Others may prioritise amenities like convenience stores and swimming pools or features like a spacious kitchen.
For HDB loans, you can pay your down payment with CPF funds, but bank loans require at least 5 per cent cash upfront. Bank loans also have a lock-in period of a few years. The obvious upside to a bank loan is the currently lower interest rates, while HDB loans would be attractive to those who favour flexibility.
Don't forget that some things can be "solved" with renovation, if your budget allows. For example, a wall separating a kitchen from a living room can be hacked down to open up the space.
With this in mind, you can turn to property portal sites like PropertyGuru, SRX Property or 99.co to look at photos of your dream homes.
If this gets too overwhelming, consider hiring an agent, who will help you narrow down homes that match your budget, as well as arrange viewings.
Agent commission is usually 1 per cent of the property price for HDB flats. Buyers do not pay agent commission for private properties.
GET YOUR LOAN
The next step is to get in-principle approval for your loan. Agents often advise you to get this ahead of time to signal to sellers that you are a serious buyer.
If you are getting an HDB flat, you have two choices: an HDB concessionary loan or a bank loan.
The interest rate for HDB loans is relatively stable at 2.6 per cent, compared with bank loans, which have interest rates that vary from 1 per cent to 1.68 per cent. This may change over the years too.
HDB is also generally more forgiving than banks: it charges interest at 7.5 per cent per annum for late payments, while banks charge 24 per cent per annum. It is also known to let people defer their payments, while banks often require payments on time.

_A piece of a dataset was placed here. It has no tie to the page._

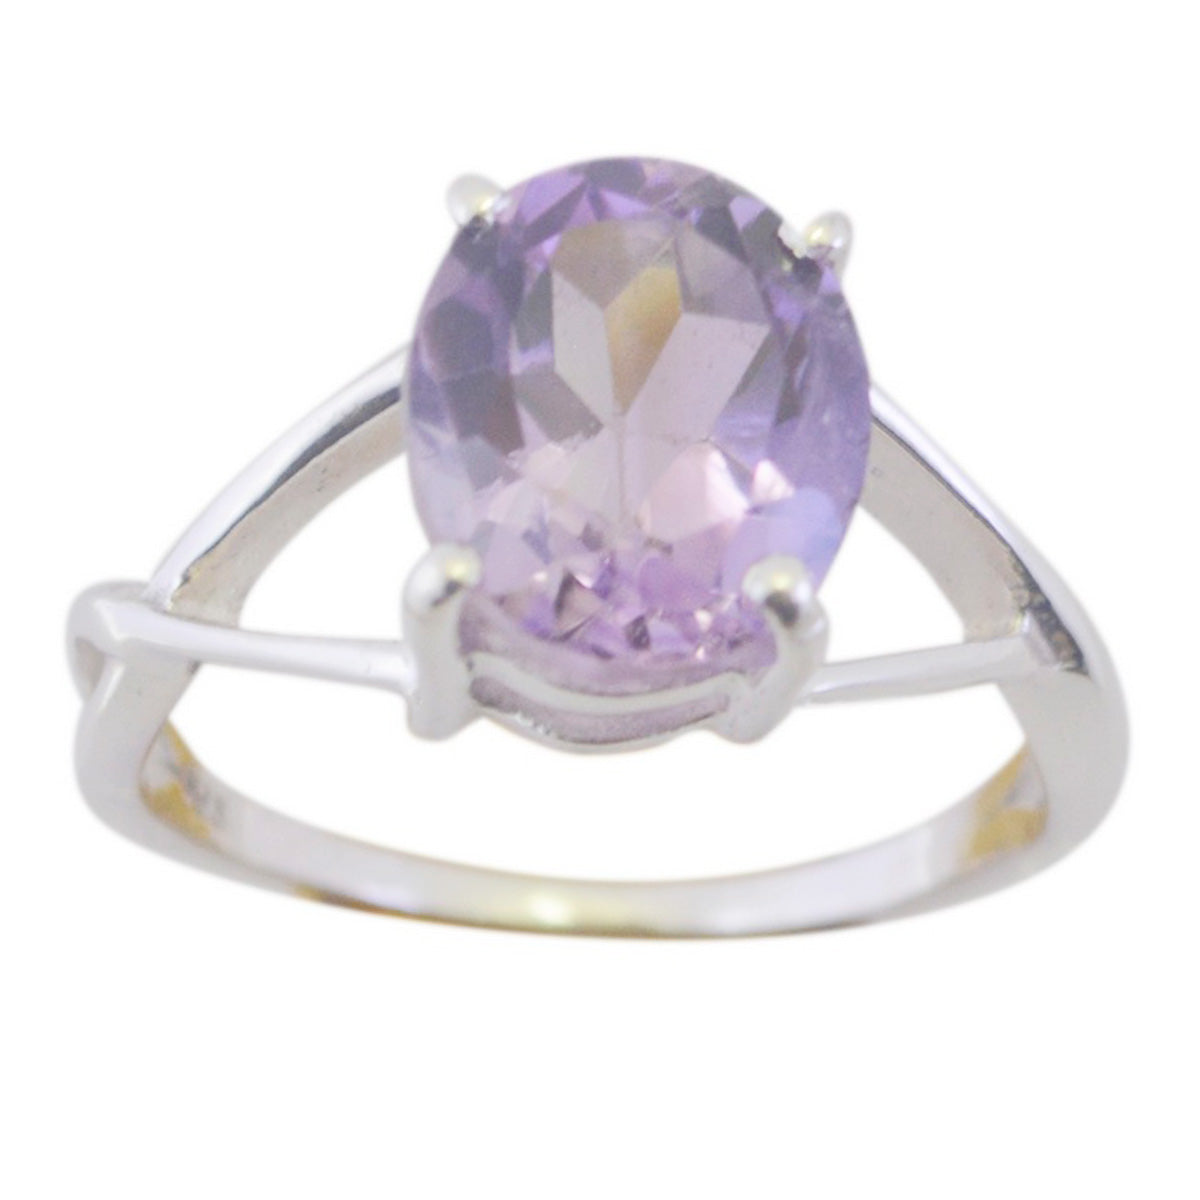 Indian Stone Amethyst 925 Sterling Silver Ring American Indian Jewelry

For HDB loans, you can pay your down payment with CPF funds, but bank loans require at least 5 per cent cash upfront.
Bank loans also have a lock-in period of a few years.

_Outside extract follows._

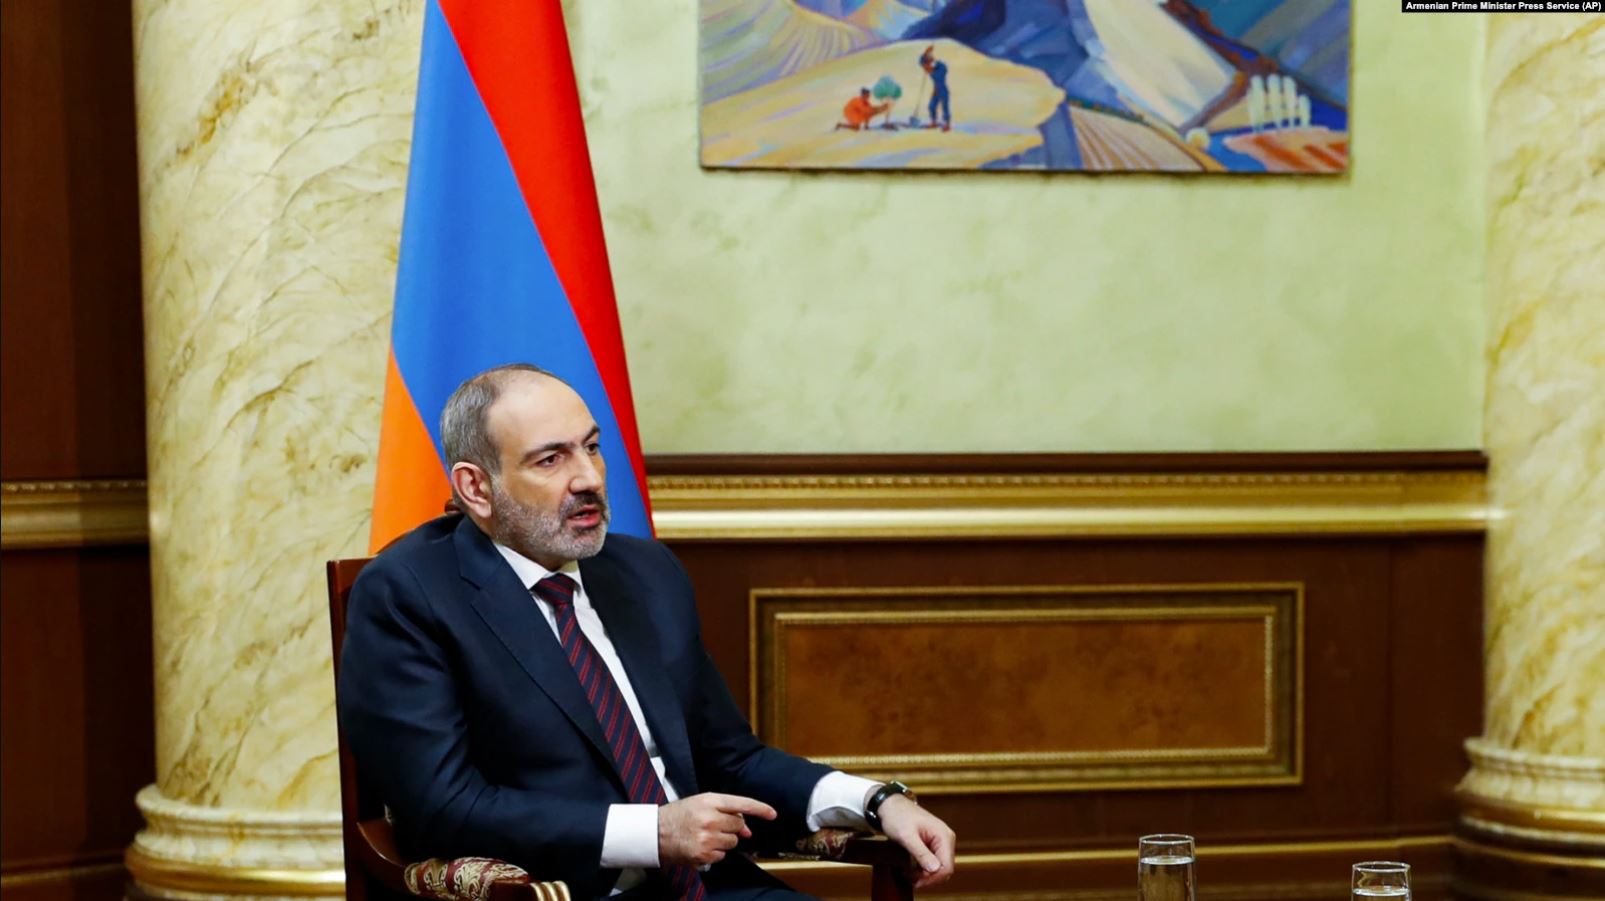 Pashinyan’s ‘News Conference’ Boycotted By Media

The obvious upside to a bank loan is the currently lower interest rates, while HDB loans would be attractive to those who favour flexibility.
Check which you are eligible for - HDB loans are restricted to couples who are earning $12,000 and under - and speak to a mortgage adviser if you need help.
This can be a chore for some, but once you start on this step, you are closer to finding your dream home.
For resale HDB or private properties, arrange to view several flats in the vicinity on the same day to maximise your time.
Prepare a spreadsheet listing the flat's address, size, orientation, asking price and number of years it has left on its lease.
Leave room to take notes about renovation, the state of cleanliness in the block and other notes you think will be useful to you.
Take photographs. Lots of them. Things start to get blurry once you are on your tenth house.
Keep an eye out for spalling concrete, mould, cracks in the walls, leaky pipes and coats of fresh paint in the corridor, which some say could be a sign of covering up loan sharks' unfriendly warnings. Ask a trusted friend or relative along if you do not have an agent - he or she may spot things you cannot.
Like the flat? Make an offer and hope for the best.
For new HDB flats, the process is simpler. First, apply for a flat. Then wait a month to see if you have a queue number for a Build-To-Order flat, or about three months if you are gunning for a Sale of Balance Flats unit.
If you do, congratulations! Go to the HDB to take a look at the flat models, and also visit the site to familiarise yourself with the area.
Make a list of units you would be okay with. As your appointment date nears, check which units have been sold and cross them off.
If there are units left that you find acceptable when it is your turn to select one, congratulations as well. You are well on your way to becoming a home owner - once the flat has been built.